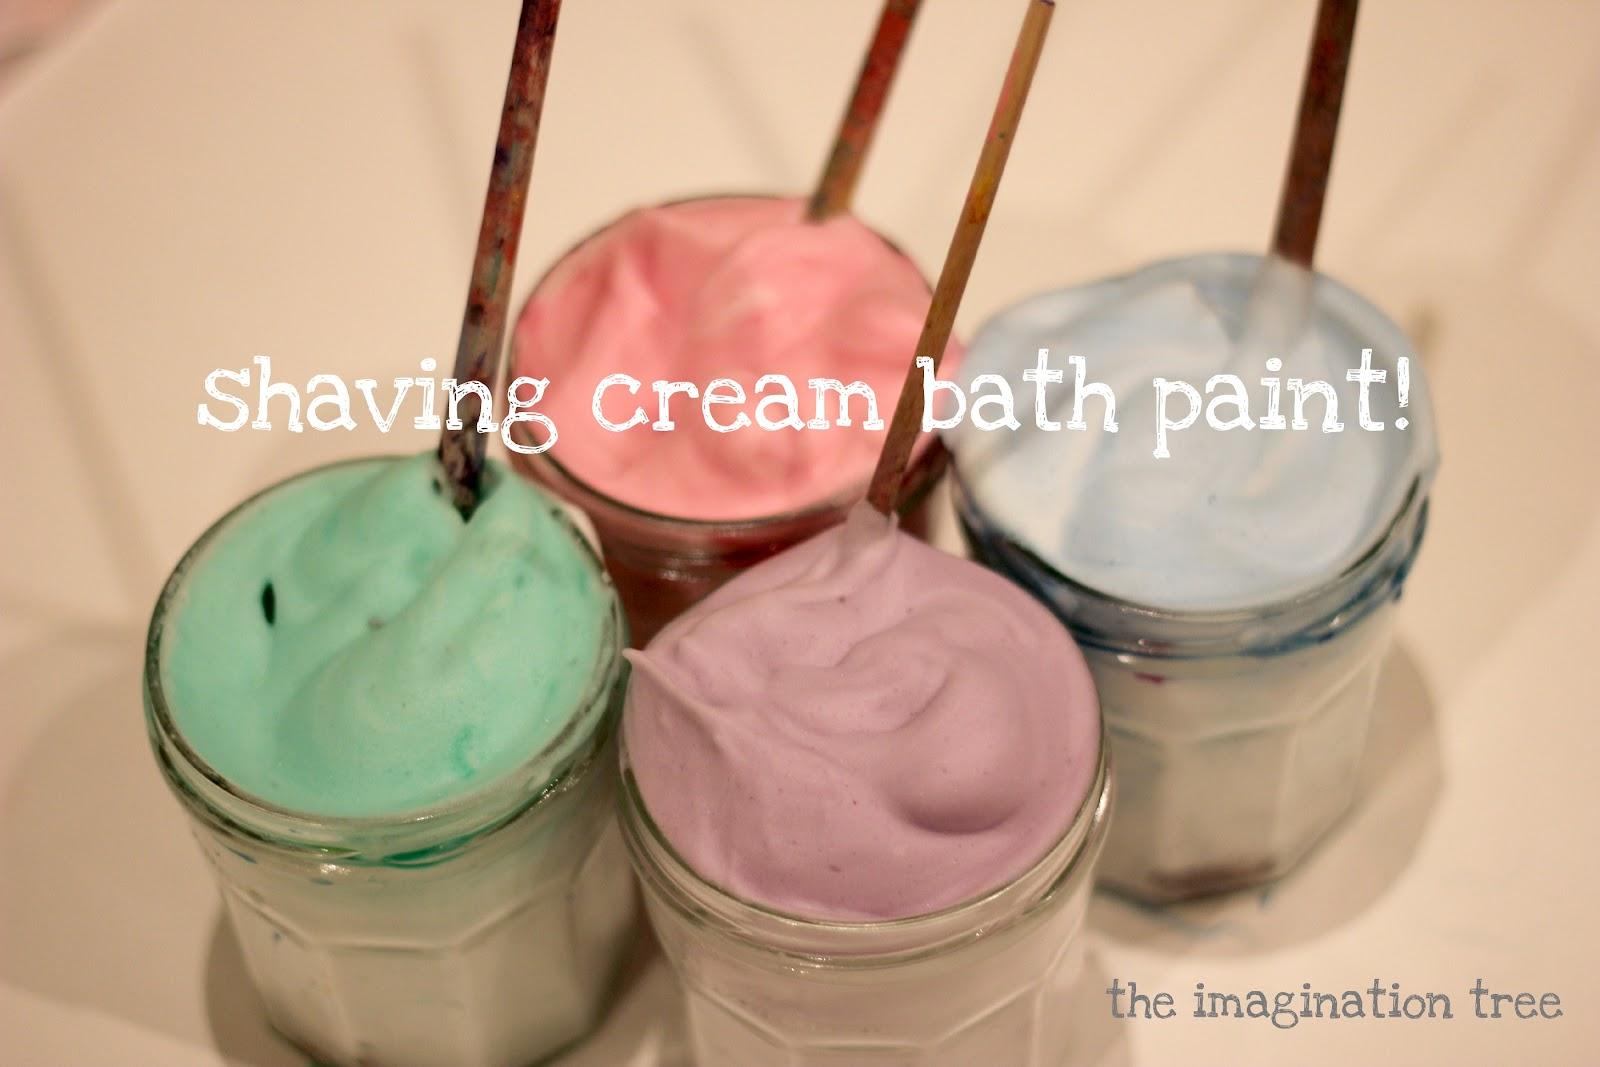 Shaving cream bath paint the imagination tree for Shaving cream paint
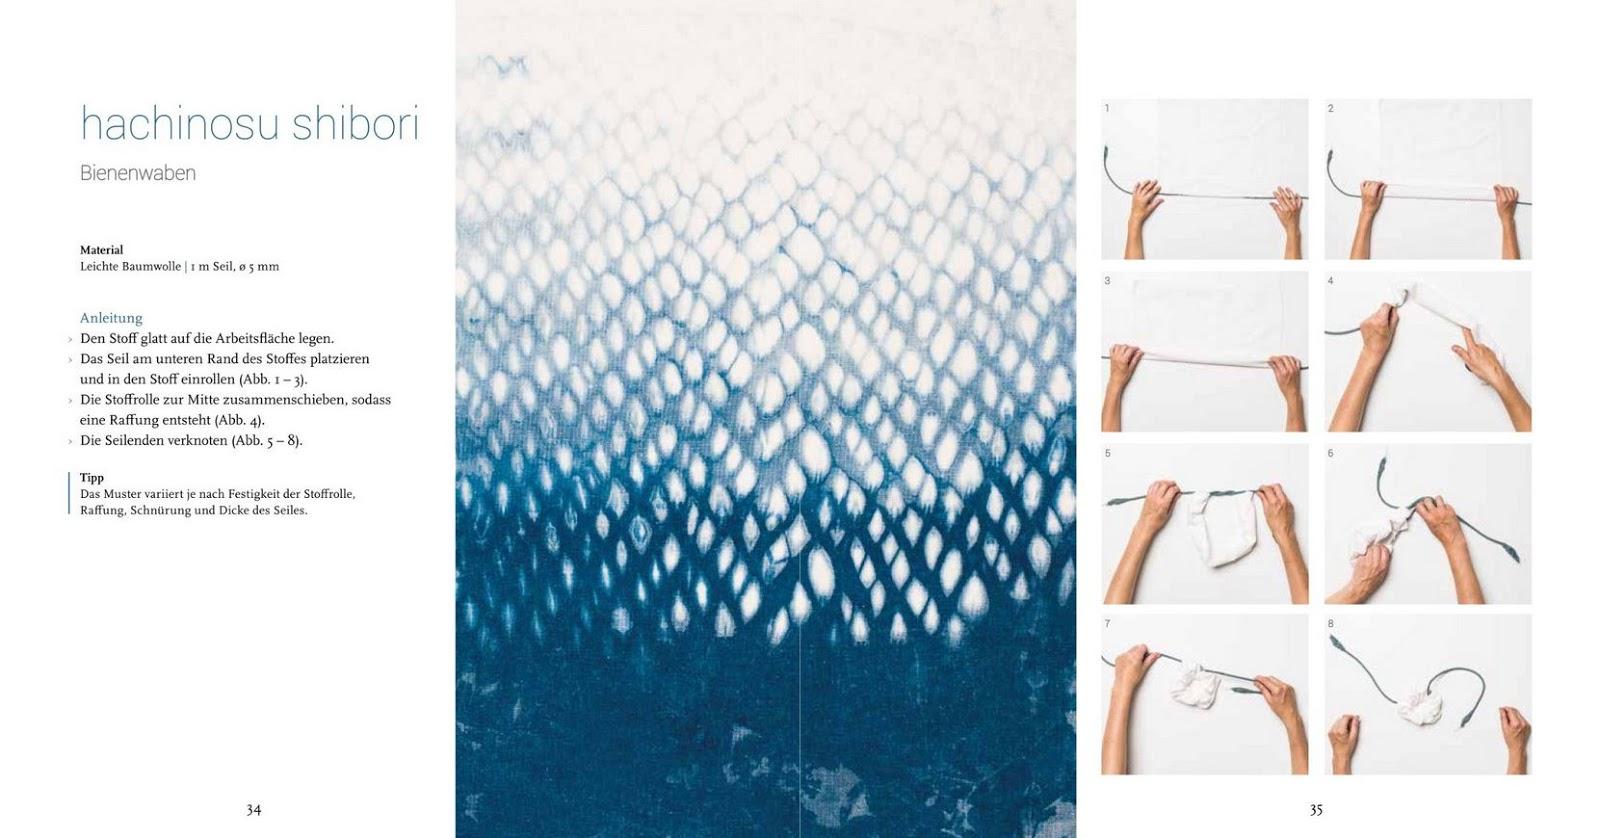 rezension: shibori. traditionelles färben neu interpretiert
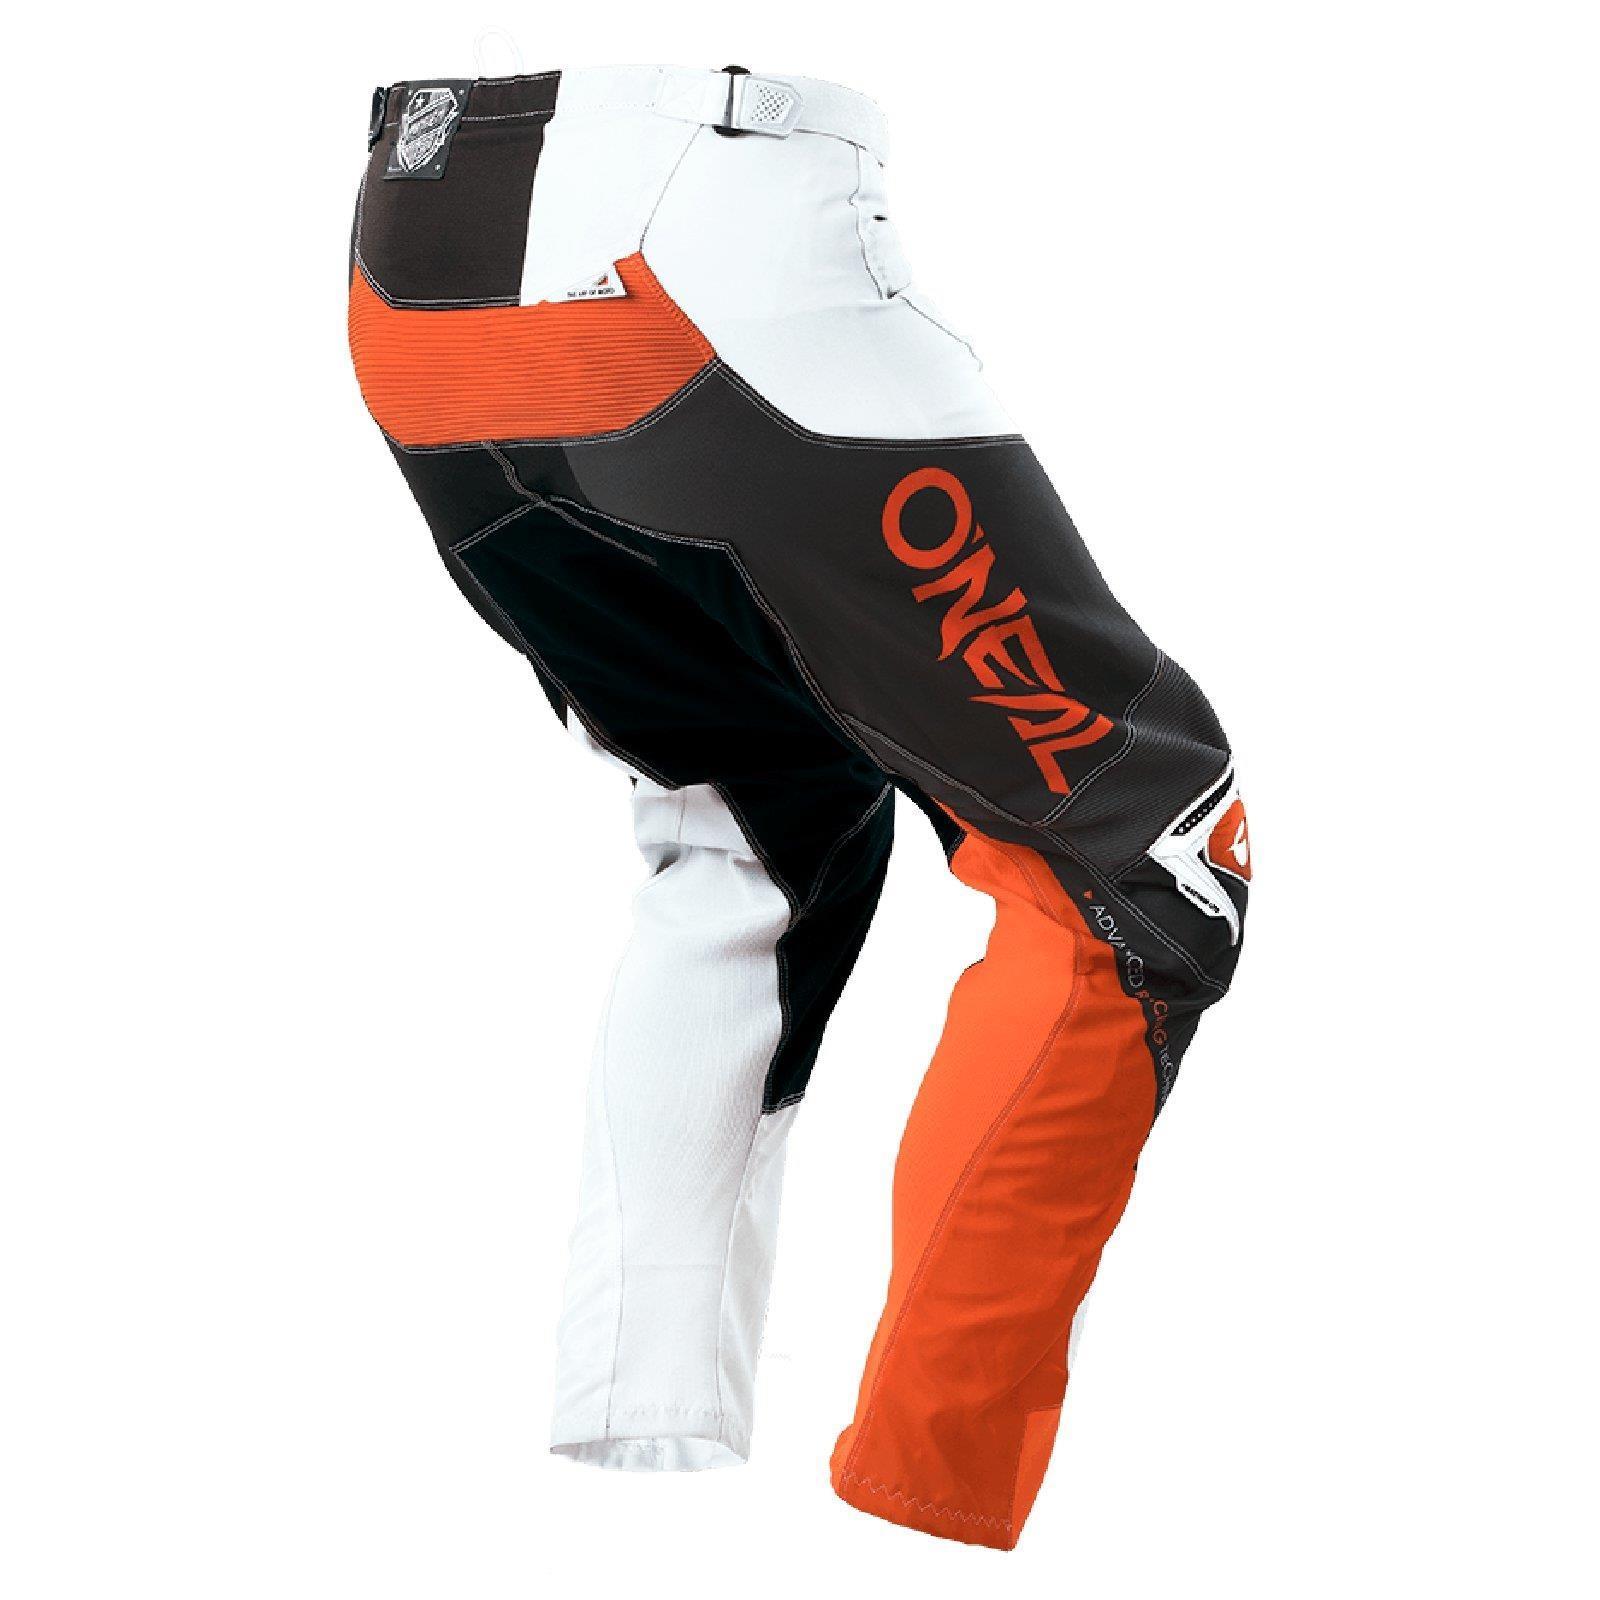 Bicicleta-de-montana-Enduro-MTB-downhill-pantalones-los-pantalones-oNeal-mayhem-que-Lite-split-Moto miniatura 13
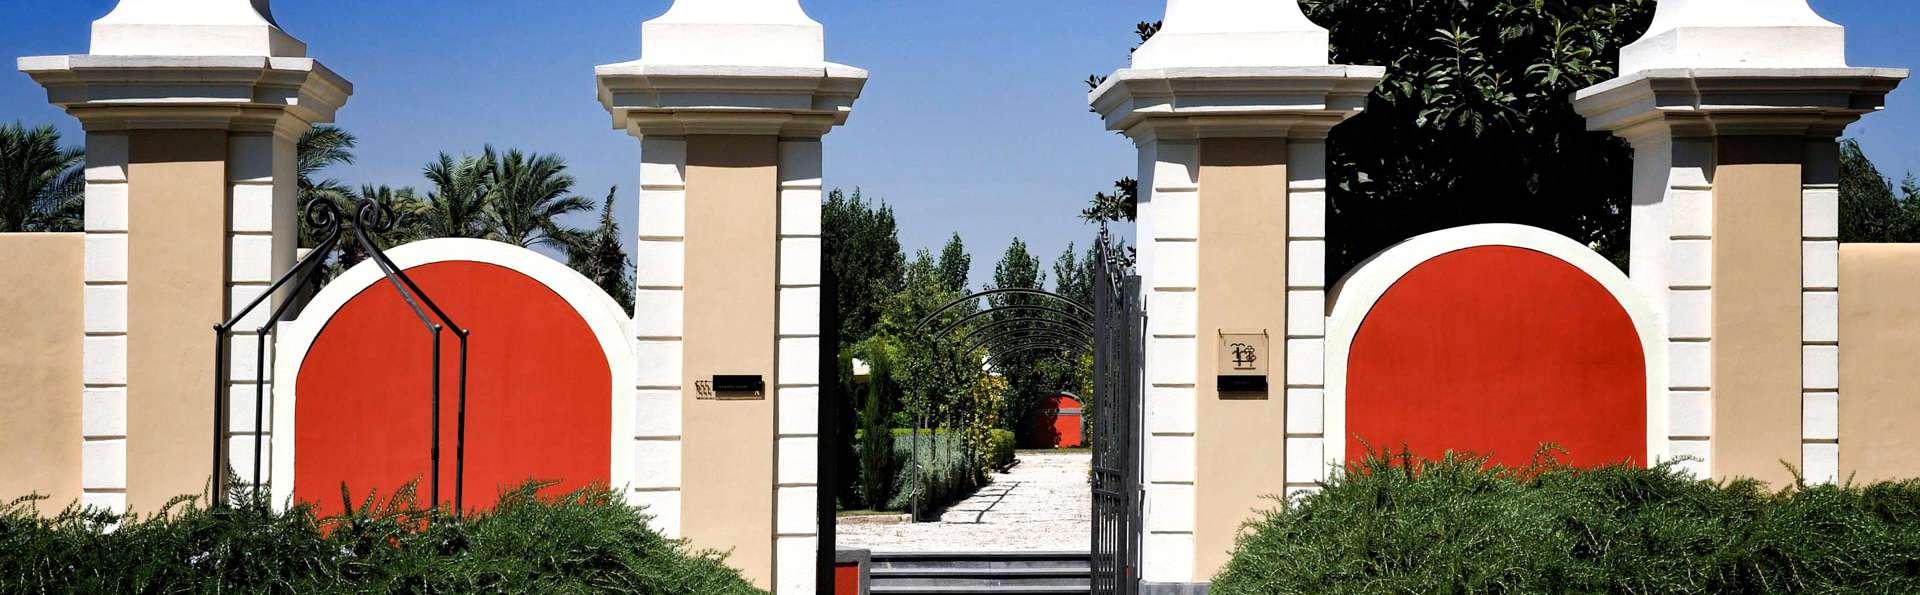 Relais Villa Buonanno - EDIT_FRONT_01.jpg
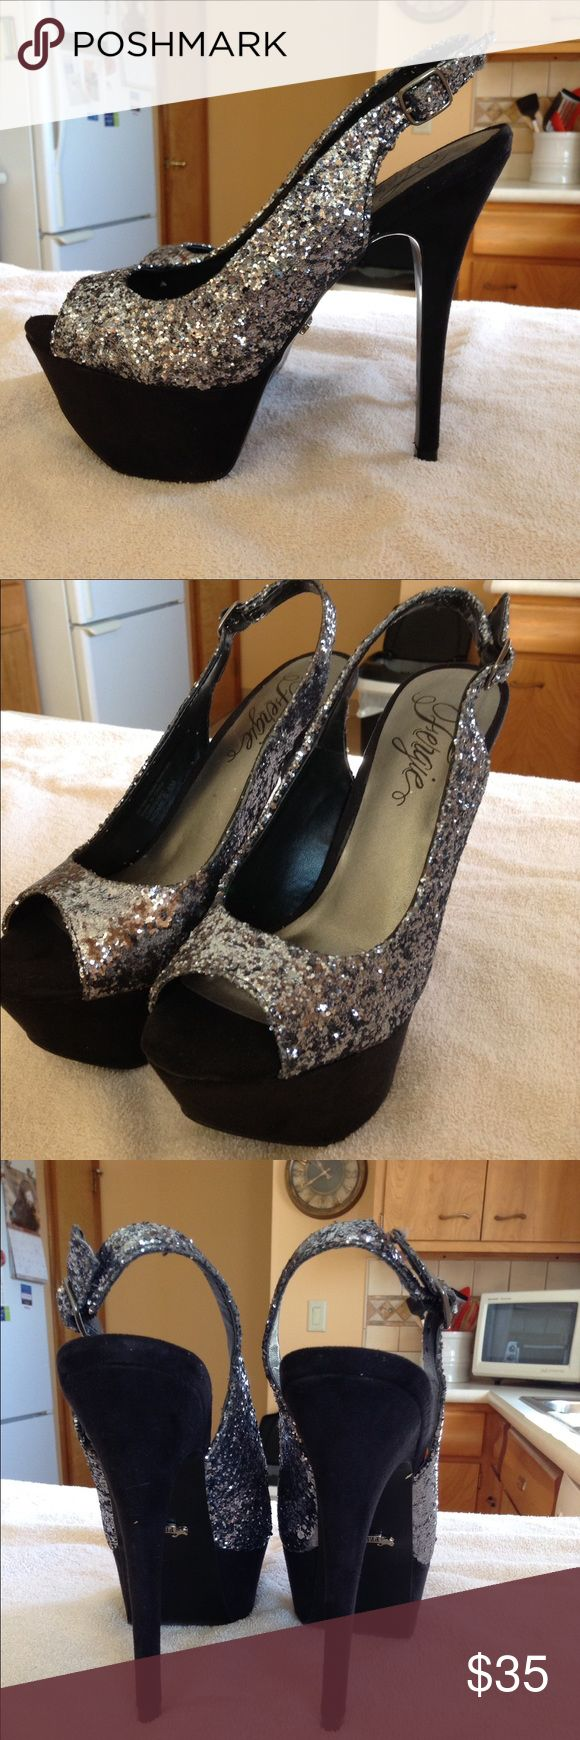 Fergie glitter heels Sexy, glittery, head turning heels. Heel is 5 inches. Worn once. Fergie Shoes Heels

• [PROBLEM TO SOLVE]: Write out all the material verbatim, images excluded.

• [RESPONSE TO THE EXERCISE]:
 Shaving cream bath paint the imagination tree for Shaving cream paint
 rezension: shibori. traditionelles färben neu interpretiert
 Bicicleta-de-montana-Enduro-MTB-downhill-pantalones-los-pantalones-oNeal-mayhem-que-Lite-split-Moto miniatura 13
 Relais Villa Buonanno - EDIT_FRONT_01.jpg
 Fergie glitter heels Sexy, glittery, head turning heels. Heel is 5 inches. Worn once. Fergie Shoes Heels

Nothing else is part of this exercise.